Mariage annulé à Marseille : les juges ont estimé que l’époux ne souriait quasiment pas sur les photos
Suspectant que son époux l'ait abusée afin d'obtenir des papiers, une femme a réussi à faire annuler son mariage. Les juges ont ainsi notamment estimé que le marié ne souriait que très peu sur les photos.
Malika, 48 ans, est parvenue à faire annuler son mariage qu’elle estimait ainsi vide de tout sentiment amoureux de la part de son époux. Le 10 décembre 2005, cette habitante des quartiers Nord de Marseille se marie avec un homme rencontré sur son lieu de travail. Celui-ci travaillait ainsi dans le bâtiment, tout comme elle.
Malika découvre toutefois, et ce sans attendre, que son mari ne lui témoigne pas d’attention particulière. Pire, il se montre agressif et violent à son encontre, initiant le conflit à plusieurs reprises. Auprès de La Provence, elle raconte avoir compris que cet homme n’avait accepté de se marier avec elle que pour pouvoir vivre légalement en France.
Elle comprend qu’il ne s’était marié avec elle que pour les papiers
« Il y a eu un changement de comportement chez lui.
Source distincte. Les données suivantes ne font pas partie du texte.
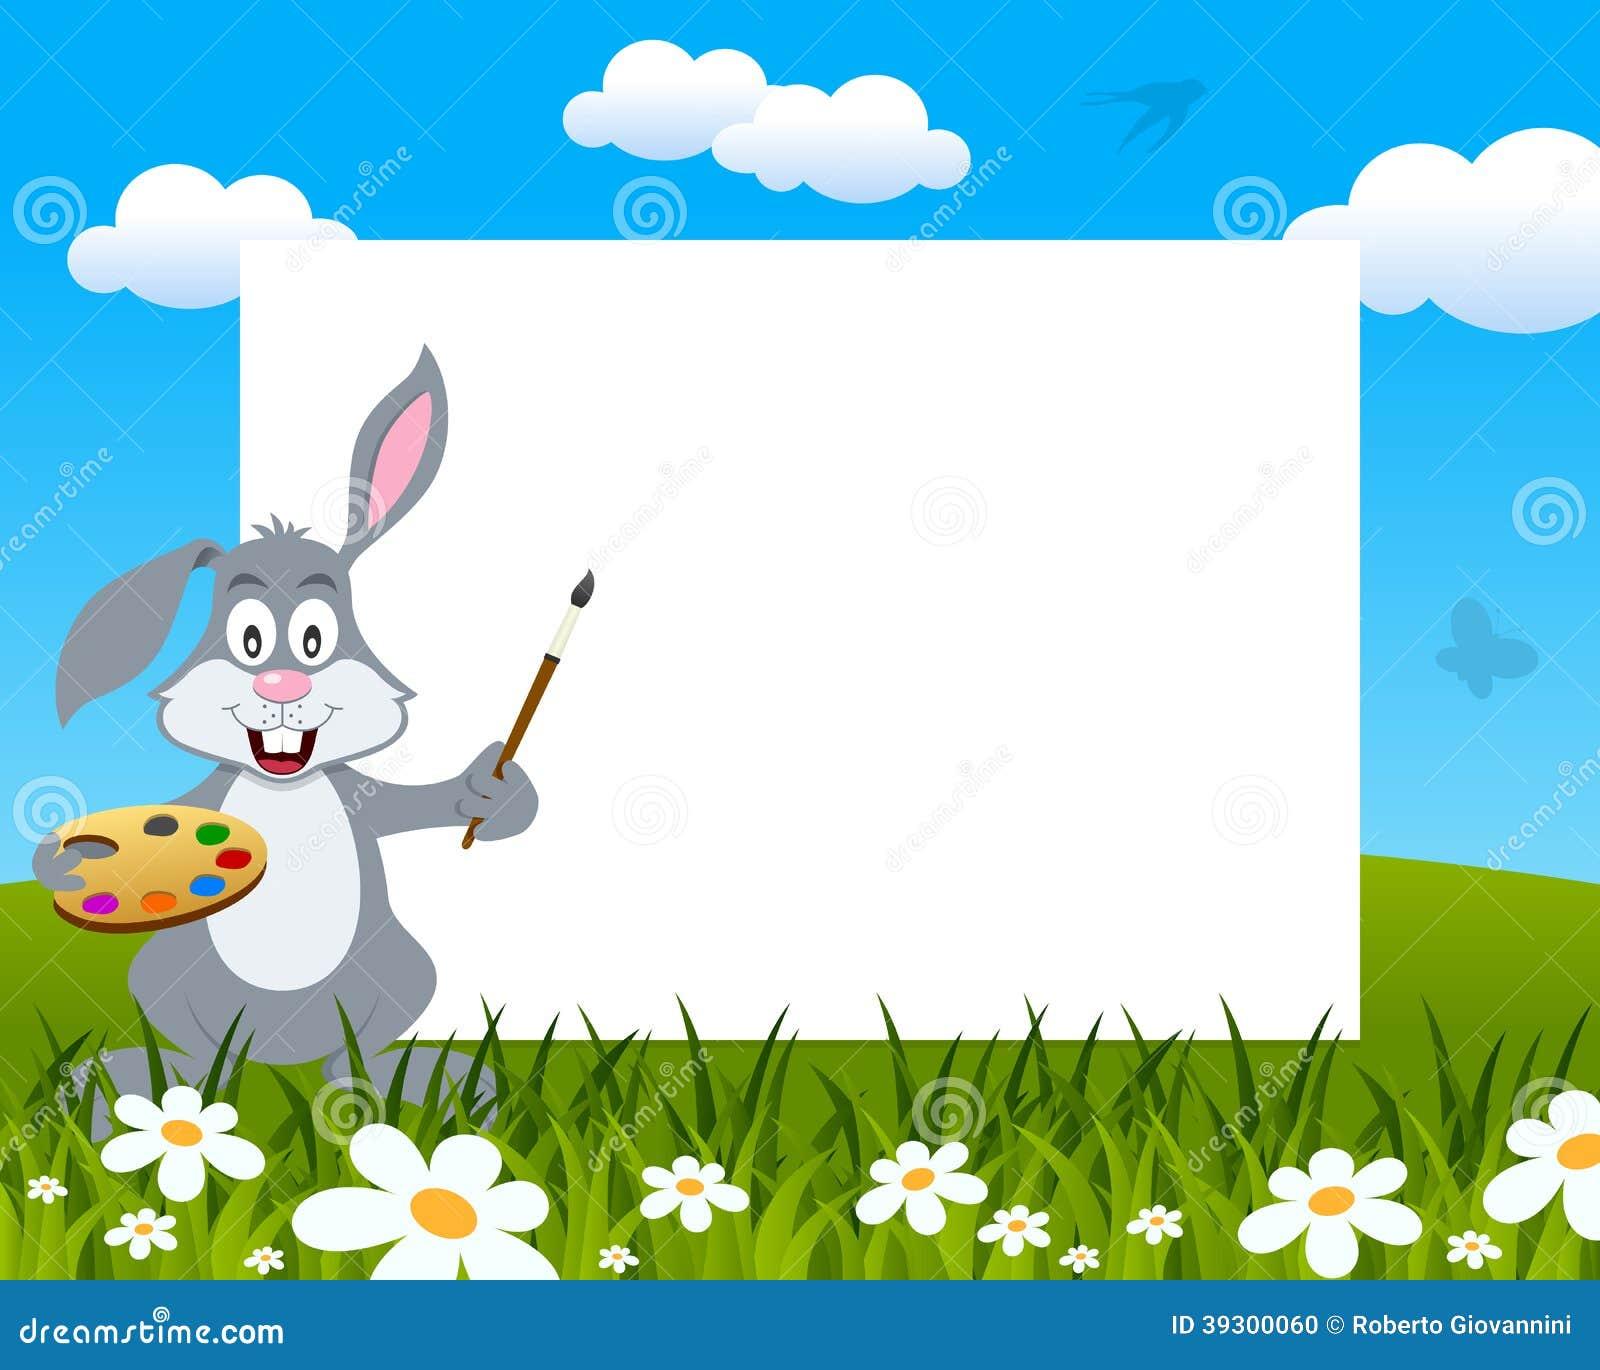 easter bunny rabbit photo frame illustration 39300060 megapixl - Easter Photo Frames

C’était très dur pour moi d’avaler la pilule. J’ai compris que je vivais avec quelqu’un qui me mentait, qui me jouait la comédie. J’ai servi d’appât pour lui permettre d’obtenir un droit de séjour en France. »
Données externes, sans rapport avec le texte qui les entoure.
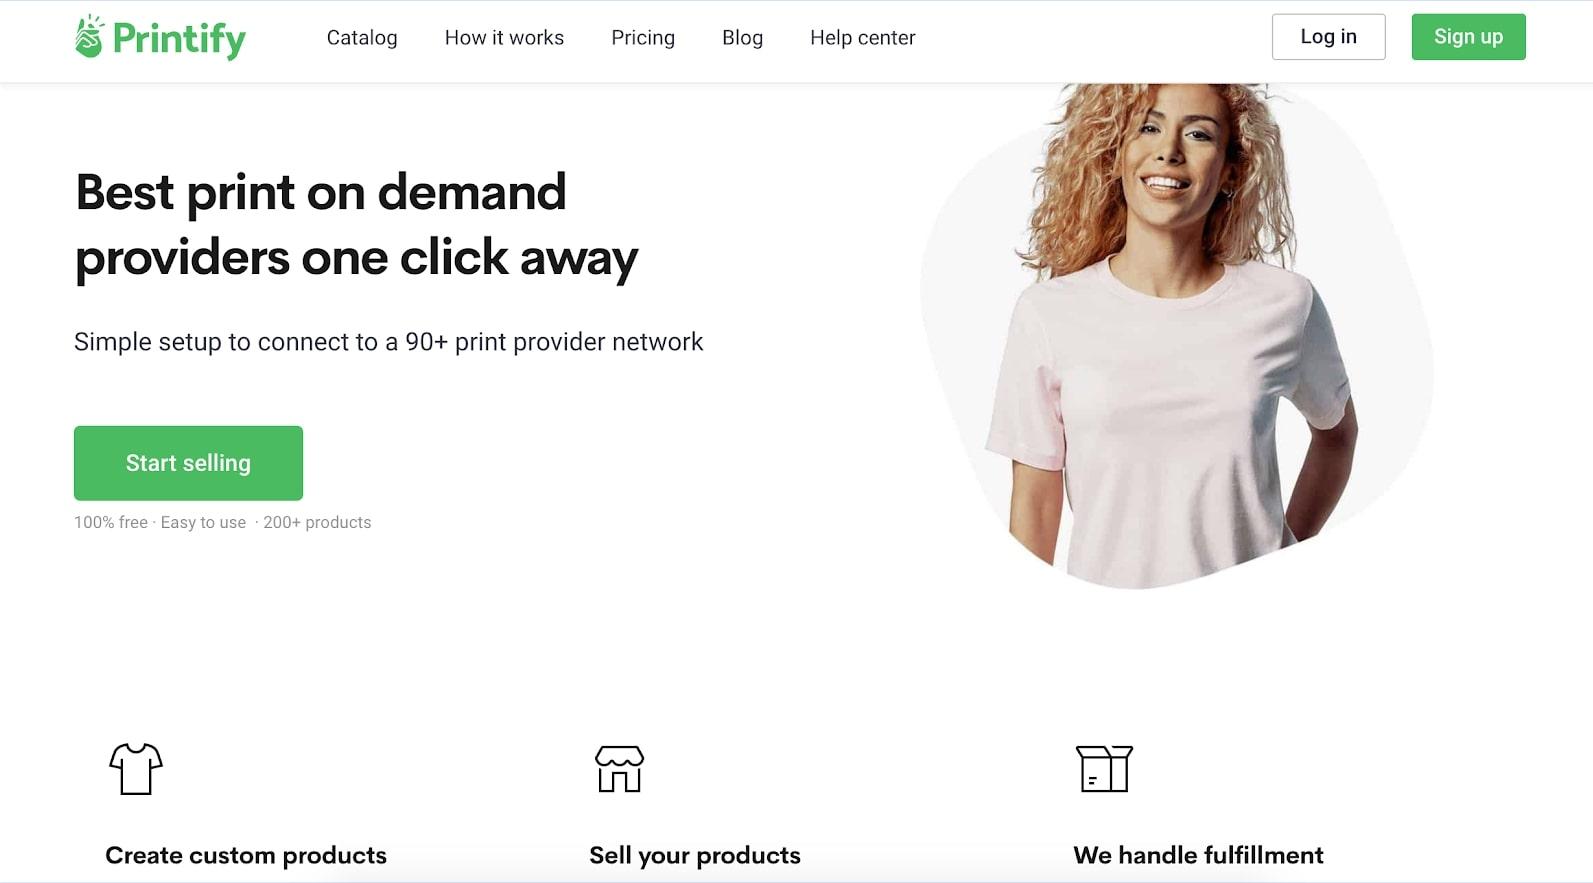 printify's website

Ne supportant plus que son mari mette sur le tapis son envie de divorcer, Malika décide d’aller encore plus loin et de saisir la justice pour une annulation du mariage.
« Une escroquerie aux sentiments »
L’avocate de Malika, Me Isabelle Terrin, parle d’« une escroquerie aux sentiments » et d’« un mariage gris », c’est-à-dire d’un mariage où l’un des conjoints est abusé par l’autre. Cette semaine, la cour d’appel d’Aix-en-Provence a donné gain de cause à Malika en annulant ainsi son mariage.
Une décision rendue après notamment examen des 88 photos fournies par le marié, où ce dernier « sourit à peine », « ne regardant pas son épouse, même sur les photos où le couple est seul ». Rien n’est indiqué en revanche sur d’éventuelles poursuites pour violences, ni même si, au regard de la décision de justice récemment rendue, l’ex-marié sera renvoyé dans son pays d’origine.